Great point, I included it in the pathc.

  • The other fcmp operators are not much more expensive, and it is the compare that takes 2 compares and an Or - you can argue that the select is still cheap.

Agreed! But I think that's best improved separately, as all cases included in the patch at the moment follow exactly the same reasoning as the integer cases (select will cost exactly one instruction).

  • With fast the others are cheap too.

Agreed, cmp + select might only be single min/max instruction. At the moment, I don't think there's a convenient way to check if the compare had the right fast-math flags here. I am also not sure if changing the cost from 2 to 1 would make a huge difference in practice.
j

  • A default cost of 13 for a vselect seems quite high to me. Given a mask (as vector compares generate on AArch64), the cost of a select will usually be a bif/bic/bsl. (In the not super distant past they would be and's and nots and ors, but things are generally better since then).
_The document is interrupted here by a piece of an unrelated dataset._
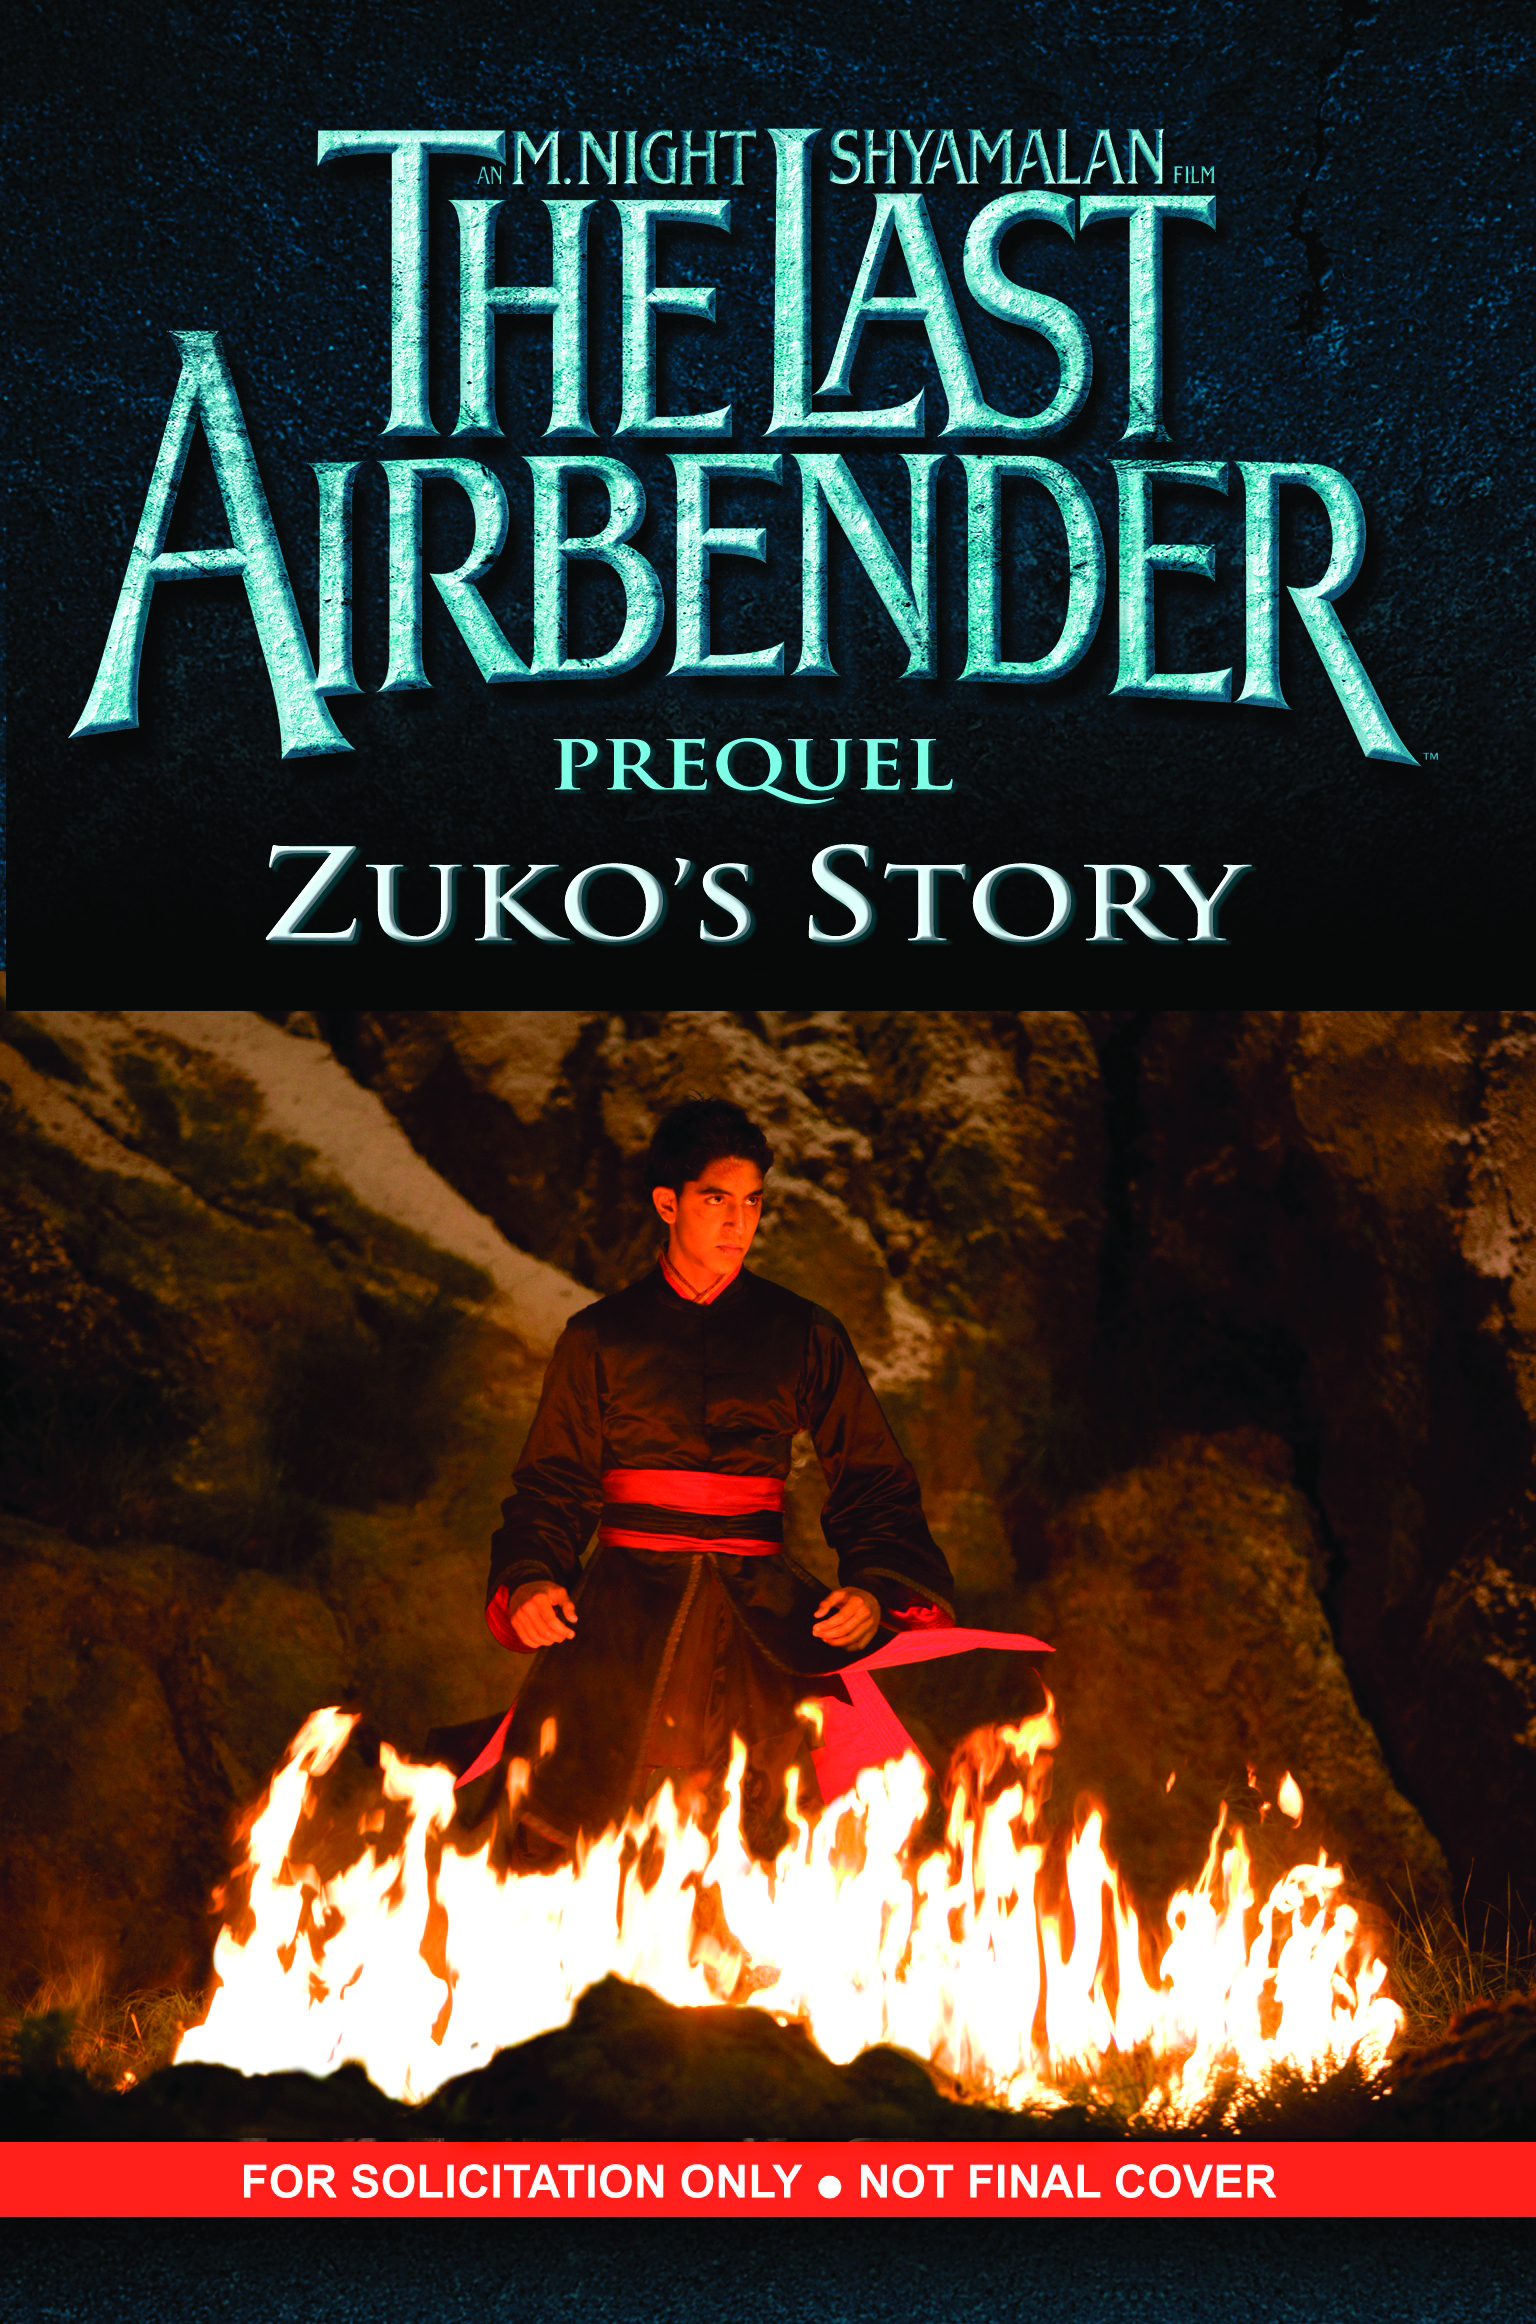 The last airbender prequel zuko's story

If the compare isn't operating on elements of the same size as the select, the mask may need to be extended or truncated first though.

Yeah, the default cost seems too high, especially for vectors with more than 2 elements. But that's a separate issue I think.

  • Does this account for times when the compare and select type sizes do not match? That becomes harder to get correct.

Good point, and no I don't think so. We have the same issue for integer predicates I think. So maybe that could be fixed independently, possibly by looking at the context instruction?

Most of that would be better left for other patches though (if it turns out to be useful at-all!)
I would guess that FCMP_UNE are worth adding here, at least.

dmgreen accepted this revision.Jan 27 2022, 8:00 AM

Thanks. LGTM

This revision is now accepted and ready to land.Jan 27 2022, 8:00 AM
This revision was landed with ongoing or failed builds.Jan 31 2022, 2:18 AM
This revision was automatically updated to reflect the committed changes.